Muitas vezes, diferentes problemas com os quais nos deparamos tornam a vida um fardo insuportável, que pode ser aliviado pela ajuda do grupo eclesiástico. E, como disse Paulo, “assim cumprireis a lei de Cristo”. Essa lei, “que vos ameis uns aos outros” (João 13:34), segundo Paulo, é cumprida, na prática, quando nos ajudamos mutuamente a suportar os fardos da vida. “A lei de amor enunciada por Cristo pede que se alivie o povo de suas cargas e não que se lhe imponha novas cargas.”6

Cristo esperava e cria que cada um, com atitudes simples, poderia fazer isso porque “palavras bondosas, olhares de simpatia, expressões de apreciação, seriam para muitas almas lutadoras e solitárias como um copo de água fria a uma alma sedenta. Uma palavra compassiva, um ato de bondade, ergueriam fardos que pesam duramente sobre fatigados ombros.”7

Mas, um terceiro conselho bíblico pode nos ajudar a manejar nossas cargas, e está relacionado com a lei de Cristo.

Promessa divina

“Lançando sobre Ele toda a vossa ansiedade, porque Ele tem cuidado de vós” (I Ped. 5:7); “confia os teus cuidados ao Senhor, e Ele te susterá” (Sal. 55:22). A palavra traduzida como “ansiedade”, no texto de Pedro é marimna. No Salmo 55, sua correspondente hebraica foi traduzida como “cuidados”. O sentido é o mesmo nos dois casos: carga, fardo. Davi partilhou seu conselho em meio a uma desesperada conspiração. Ele já experimentara o alívio do peso das angústias, ao deixá-las sobre Aquele que “jamais permitirá que o justo seja abalado”.

Quando as responsabilidades (fortión) são pesadas {báros) podem causar ansiedade (marimna) quase insuportável, que pode ser aliviada somente com a ajuda de Deus.

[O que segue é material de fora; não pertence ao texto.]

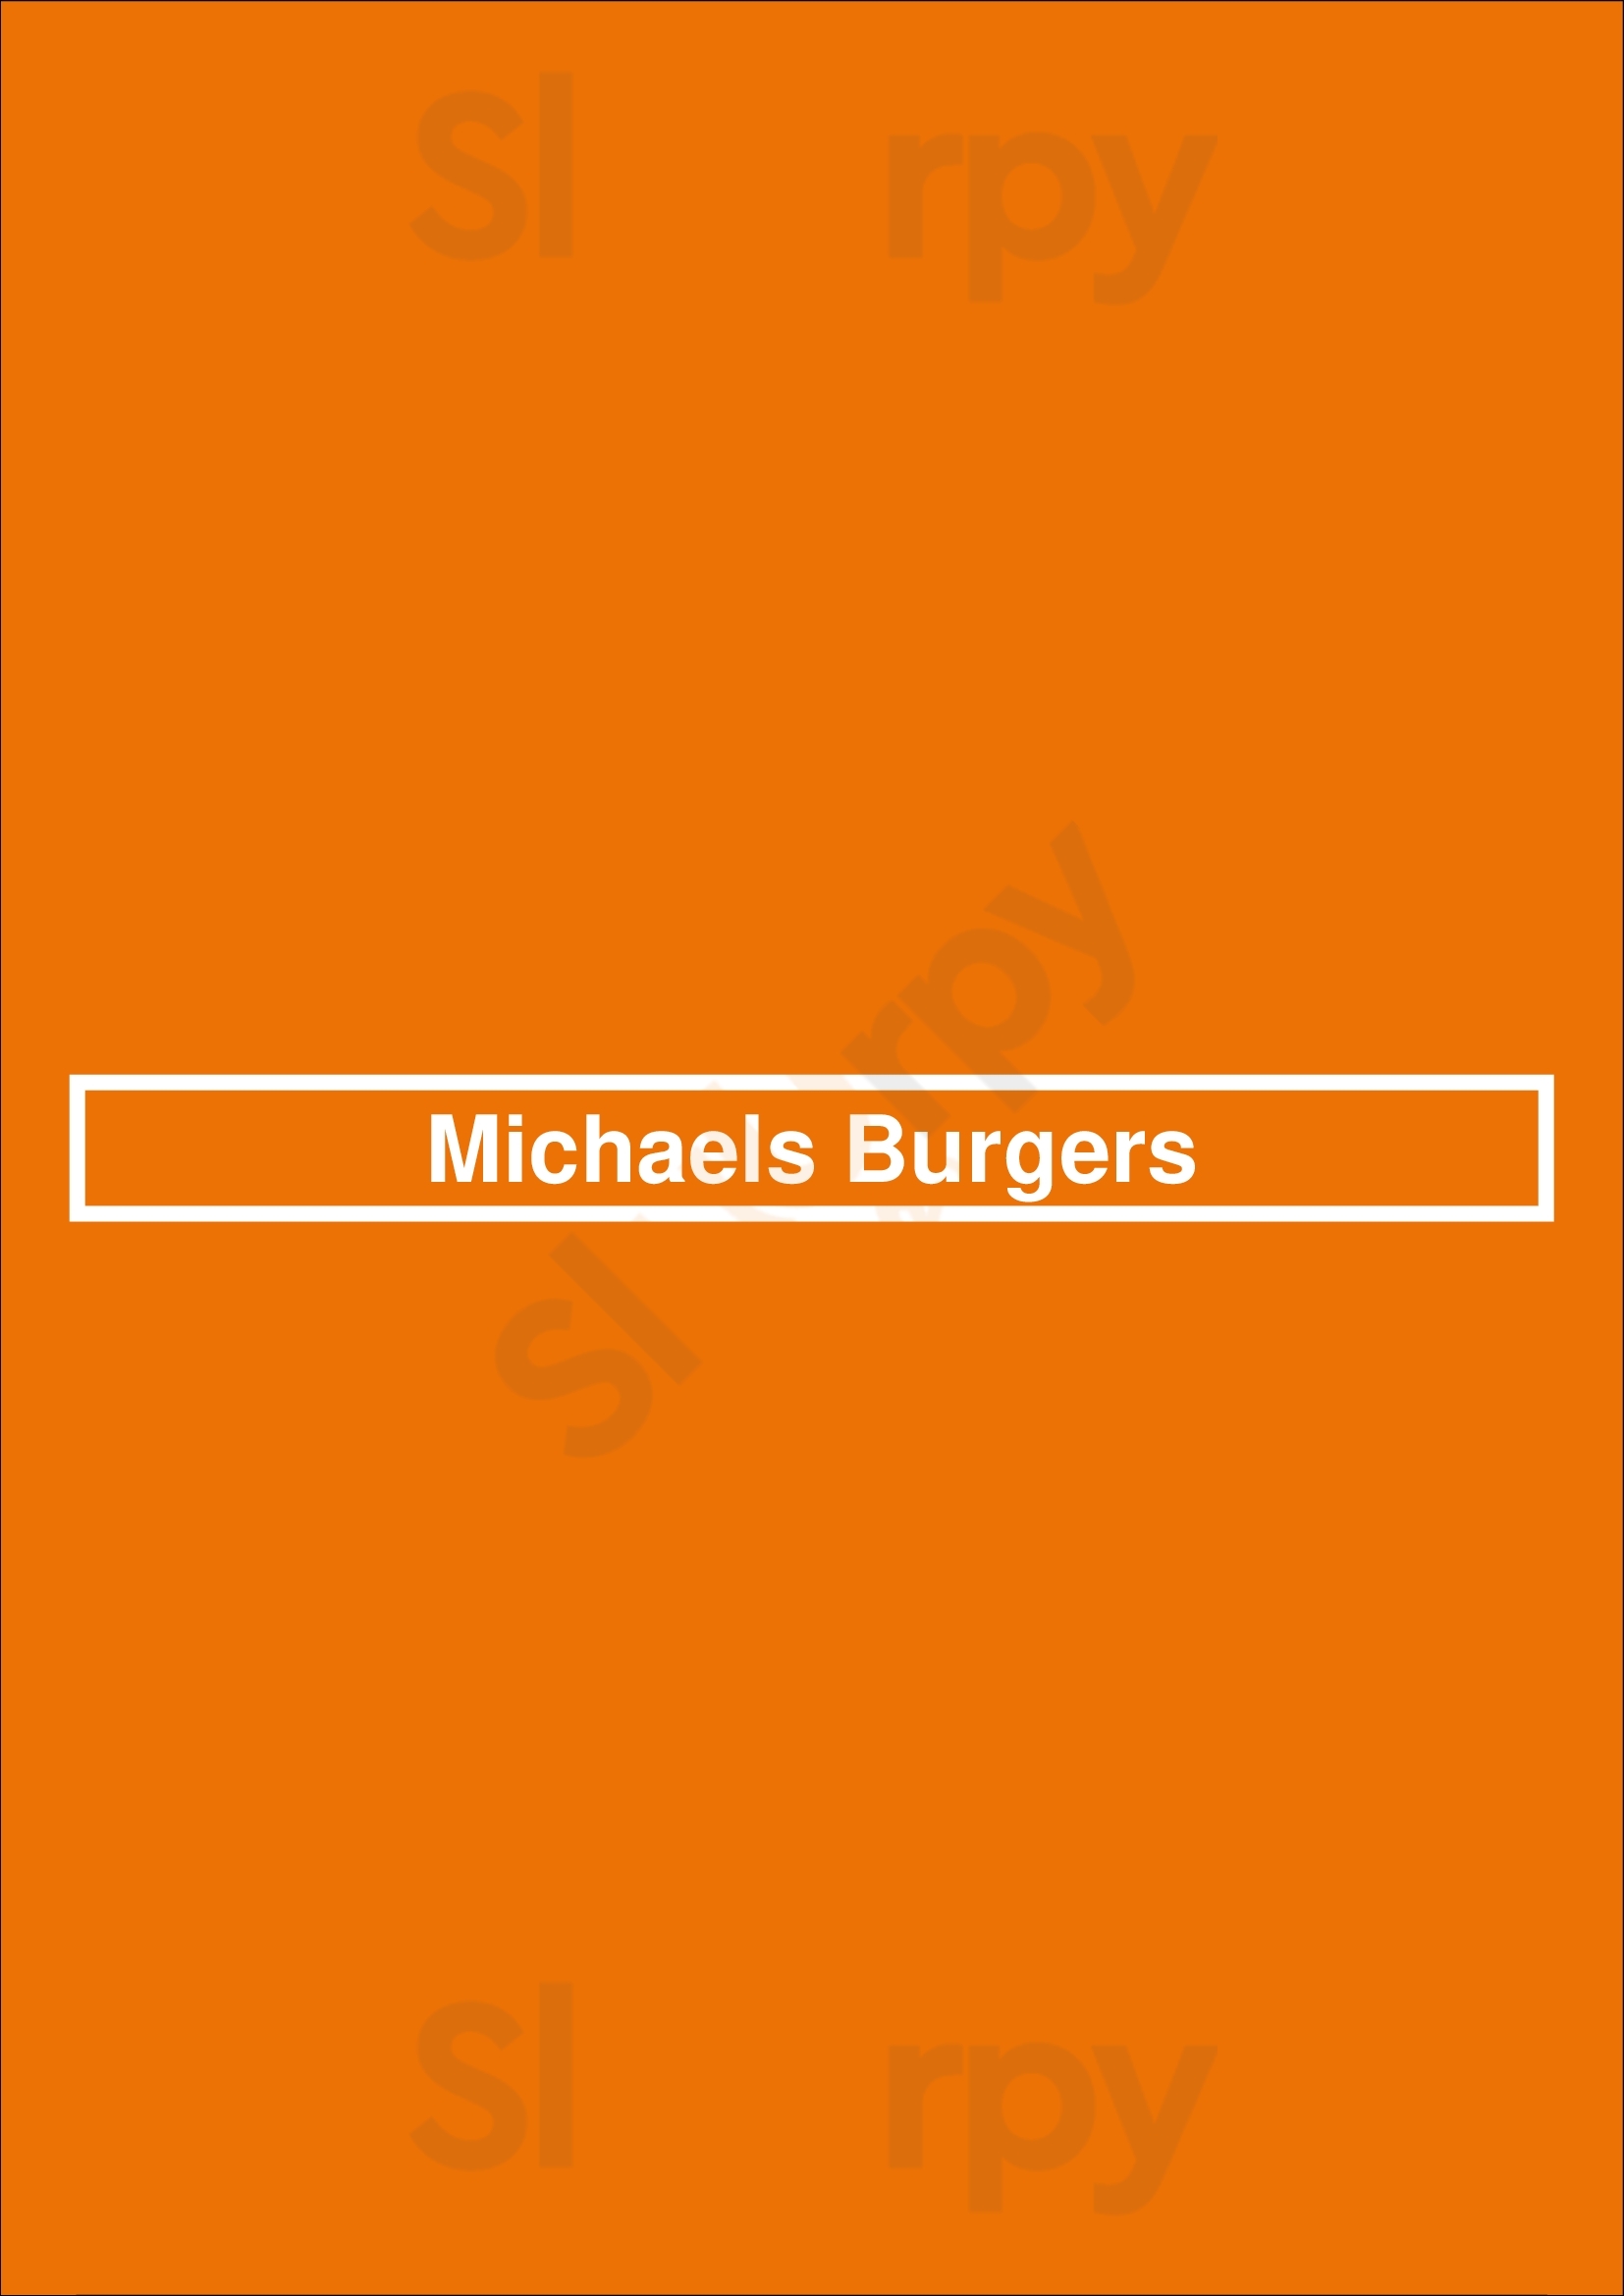 Michaels Burgers Los Angeles Menu - 1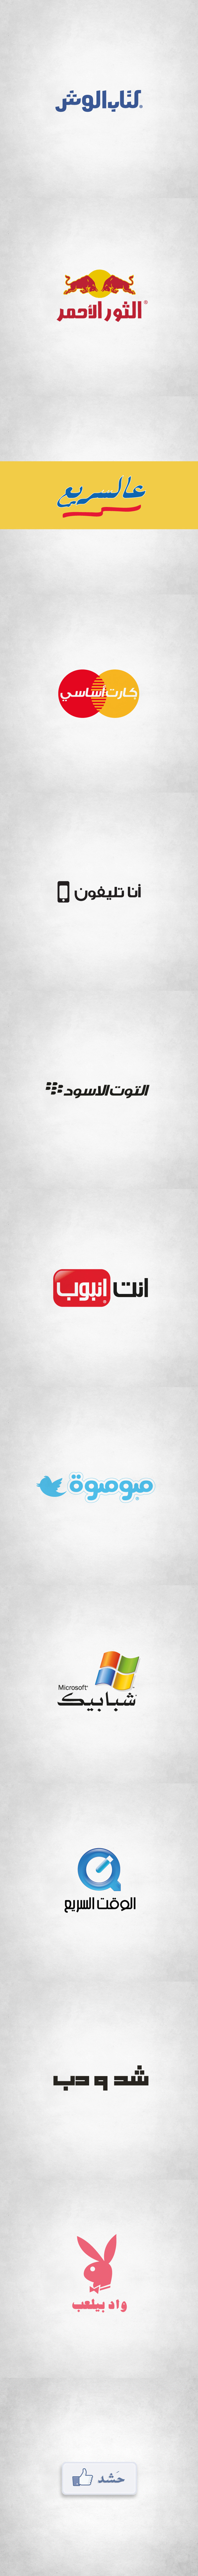 Adobe Portfolio arabic logo

Por isso, o salmista já indicava o lugar certo em que podemos descansar de nossos cuidados ou ansiedades.

Se for prontamente obedecido, o sábio conselho de Davi e Pedro ainda pode aliviar as cargas, em pleno século 21, quando vivemos o cumprimento de um dos sinais da segunda vinda de Cristo, segundo o qual haveria “sobre a Terra, angústia entre as nações em perplexidade… homens que desmaiarão de terror e pela expectativa das coisas que sobrevirão ao mundo” (Luc. 21:25 e 26). Hoje, com a ajuda de cada um, de modo individual, da igreja como grupo e, especialmente, com a ajuda de Deus, podemos aliviar nossas cargas. Porque a verdadeira igreja de Cristo alivia cargas.

A religião dos escribas e fariseus do tempo de Jesus aumentava os fardos. A respeito deles, Cristo disse: “Atam fardos [fortión] pesados [báros] [e difíceis de carregar], e os põem sobre os ombros dos homens; entretanto, eles mesmos nem com o dedo querem movê-los” (Mat. 23:4). Alguns se queixavam e continuavam indo à sinagoga e ao templo. Porém, os publicanos e pecadores abandonaram toda esperança.

Ser religioso em Jerusalém era uma carga insuportável; era a religião da aparência. Praticavam boas obras “com o fim de serem vistos dos homens” (v. 5) e colocavam “responsabilidades pesadas” (fortiones bareas) sobre os pecadores. No entanto, Cristo veio para eliminar a falsificação religiosa, aliviar as cargas. Nele, todos encontramos descanso. Eis Seu convite: “Vinde Mim, todos os que estais cansados e sobrecarregados, e Eu vos aliviarei. Tomai sobre vós o Meu jugo e aprendei de Mim, porque sou manso e humilde de coração; e achareis descanso para a vossa alma; porque o Meu jugo é suave, e Meu fardo é leve” (Mat. 11:28-30).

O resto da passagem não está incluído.